Después de la pertinente explicación, los niños ayudados siempre por la monitora, que guiaba el martillo en manos de los pequeños, procedieron a romper en trozos su ladrillo, para poder restaurarlo después, de acuerdo a las instrucciones de Ana. Para amortiguar los ruidos y que no se desperdigaran trozos nos ayudamos de una manta. Primero empezamos a romper los ladrillos dentro del recinto, para a continuación, salirnos a la calle, no fuera a ser que rompiéramos el suelo. Toda precaución siempre es poca. Una vez roto el ladrillo, la monitora siempre nos quitaba algún pedacito, para añadir un pelín más de dificultad a la restauración del mismo.

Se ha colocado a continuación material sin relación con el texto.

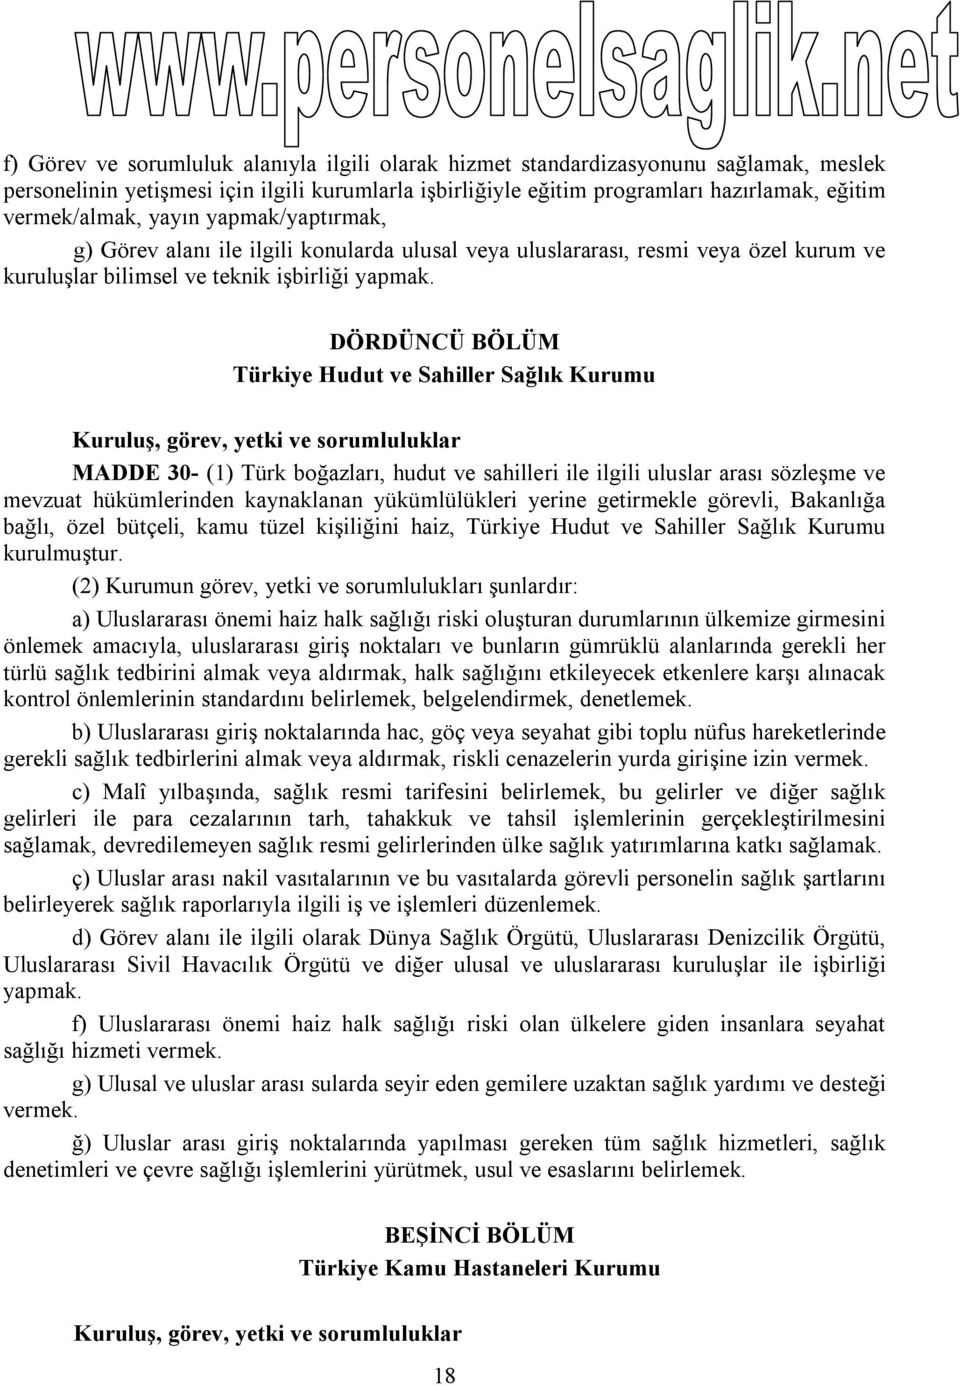 DÖRDÜNCÜ BÖLÜM Türkiye Hudut ve Sahiller Sağlık Kurumu Kuruluş, görev, yetki ve sorumluluklar MADDE 30- (1) Türk boğazları, hudut ve sahilleri ile ilgili uluslar arası sözleşme ve mevzuat

A continuación, teníamos que recomponer los trozos del ladrillo y pegarlos con pegamento y con cinta carrocera. Siempre nos faltaba algún trocito, que es el que íbamos a rellenar con escayola, para su restauración. Los papás ayudaban a sus pequeños a recomponer este particular puzzle o rompecabezas de trozos de ladrillo, que habían sido desordenados a posta por la monitora, para añadir más complejidad a la tarea.
Una vez completado el rompecabezas de trozos de ladrillo, se procedía a amasar con el rodillo plastilina blanca y se ponía por debajo y lateral de los huecos libres, para contener la escayola vertida y que no hubiera fugas de la misma. Los niños llenaron un vaso de plástico blanco con agua del grifo, le echaron polvos de escayola y con un palito iban moviendo hasta obtener una masa homogénea, con la que rellenar todos los trocitos del ladrillo roto, hasta cubrir por completo, todos los huecos.
Ahora había que esperar a que se secara, quitar la cinta carrocera y la plastilina y proceder a una de las técnicas de restauración explicadas por Ana: el puntillismo, que consistía en impregnar un cepillo de dientes con pintura del color del ladrillo y de arriba a abajo mover el dedo, para proyectar puntitos en el ladrillo y que de lejos se aprecie su restauración. Luego habría que tallar los pegotes de escayola, pero esa parte, nos la saltamos, porque esa tarea corresponde a los profesionales de la restauración. Para hacernos una idea de cómo es este oficio, yo creo que fue suficiente la experiencia. También nos habló de otra técnica, que se llama regatino. Mientras espérabamos a que se secara, hicimos otra mezcla de agua con escayola y la vertimos en un plato de plástico, para que los pequeños hicieran su huella de mano. Luego nos dieron otro plato con cuatro colores de pintura de dedos: amarillo, rojo, blanco y marrón y utilizamos ese mismo plato, de improvisada paleta de colores. Después de seca la huella, procedimos a pintarla con un pincel fino y el resultado fue espectacular, sin duda, un bonito recuerdo para adornar la repisa de nuestra chimenea.
La experiencia resultó ser muy grata y recomendable y aprendimos mucho. Una jornada de convivencia estupenda que sin duda, ayuda a acercar a padres e hijos y aprender más de ellos, con sus preguntas y acciones. Los 5 euros que nos costó la actividad estuvieron muy bien invertidos. Ocupamos nuestra mañana de sábado, de 10 a 14 horas, con una actividad de calidad, que dio más sentido a nuestro tiempo de calidad con hijos.